Massive amounts of energy spurt forth from the circle, extending away from Petrah in four directions. Balor climbed to the upper atmosphere to monitor what they were doing. The mechanism that they’d invented set off a chain reaction of Source energy, four lines rippling across Veilthorn in seconds.
The lines only grew in intensity the further they traveled, finally capable enough to crack the ground beneath all the way down to the third stratum.
That night, Resil divided the world into four, a slice for each continent. The line ripples crossed over some populated areas along the way, trapping them in the new Source membrane of the in between.
Balor could’ve saved them, but he didn’t want to descend to ground level for any reason again. He imagined the trapped making a life for themselves in the perilous space between realms.
Over the next few months, the same partitioning technique was repeated all across the frontlines, sectioning off zones on all four continents across all strata.

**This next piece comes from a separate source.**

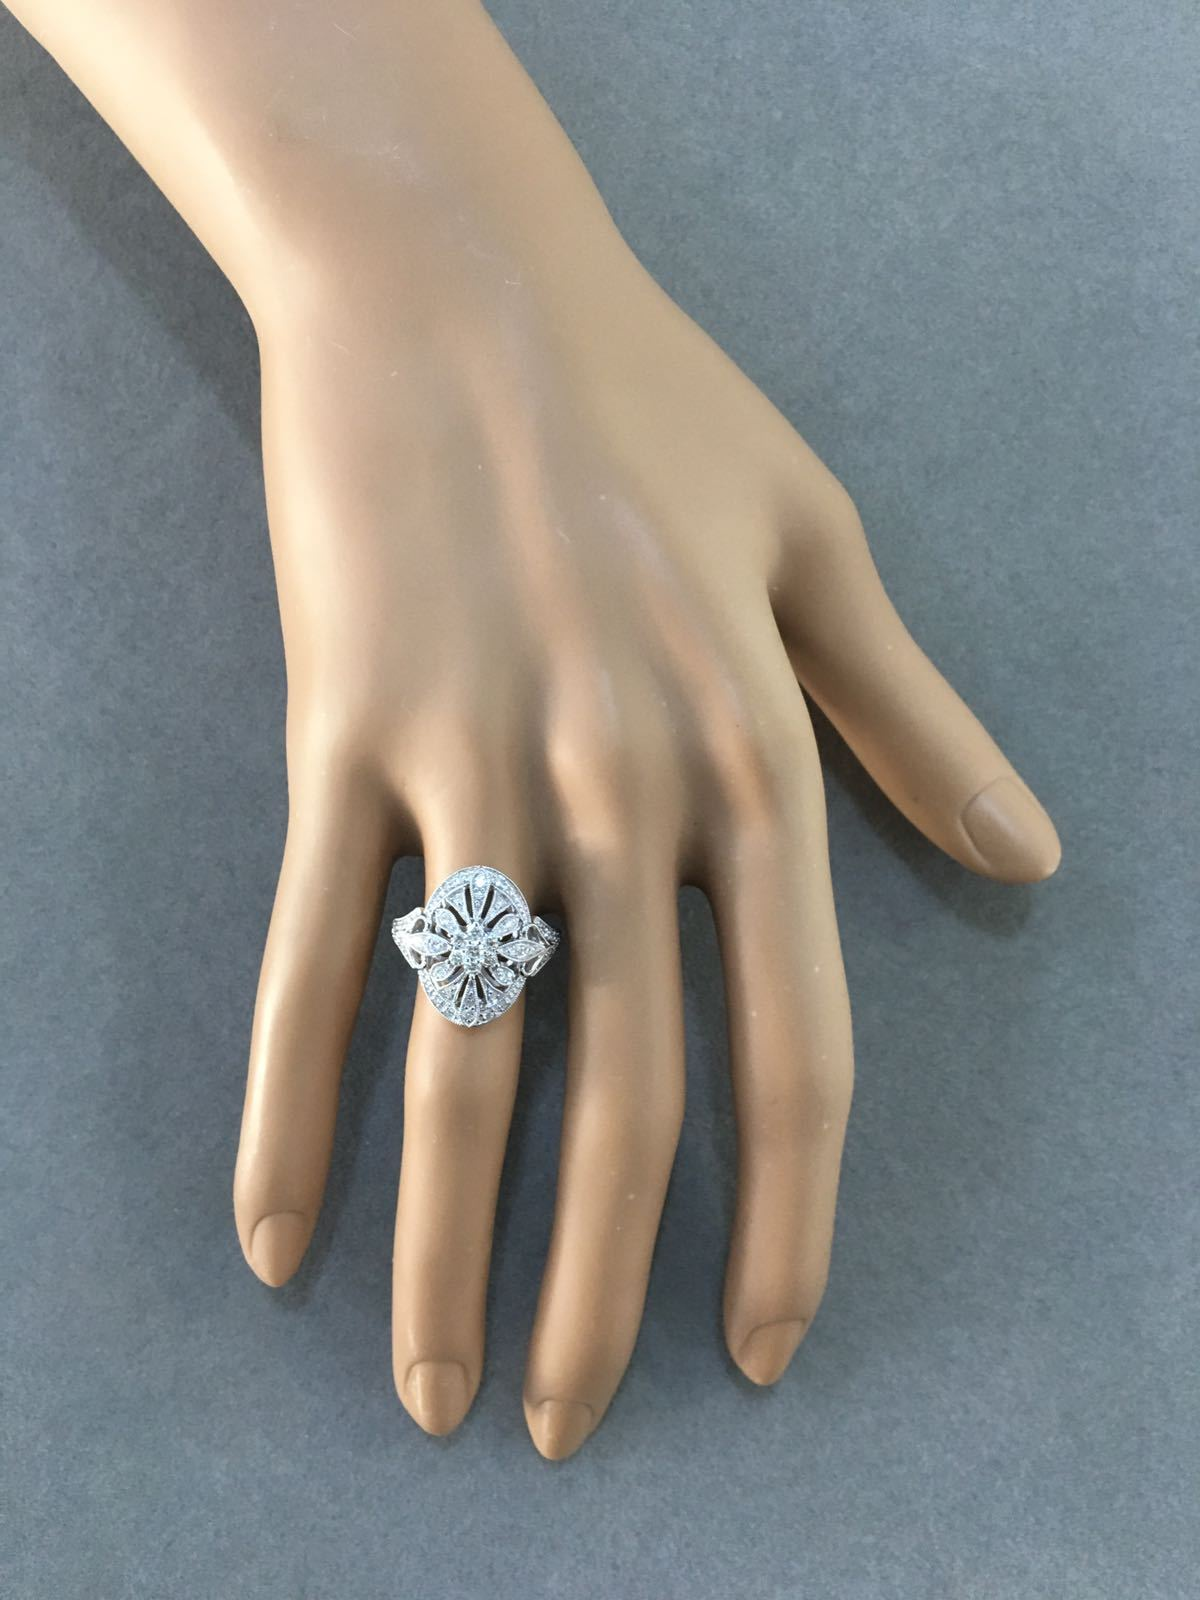 Oval Shaped Art-Deco Style Diamond Ring

This effectively put an end to the bloodstone invasion, everything undesirable rotting beyond a thick wall of energy that no one can cross.
Resil seemed to be even more suspicious about bloodstone than Balor was. There were public hangings for the possession of the substance. New uprisings based on grievances, assassination attempts, and wars.
Showing the past visions of the Seedmaker’s apocalypse to Resil had been the right move. He was working relentlessly to avoid that fate. These were his final two or three decades as the Emperor, and he was going to rule a partitioned empire with an iron fist.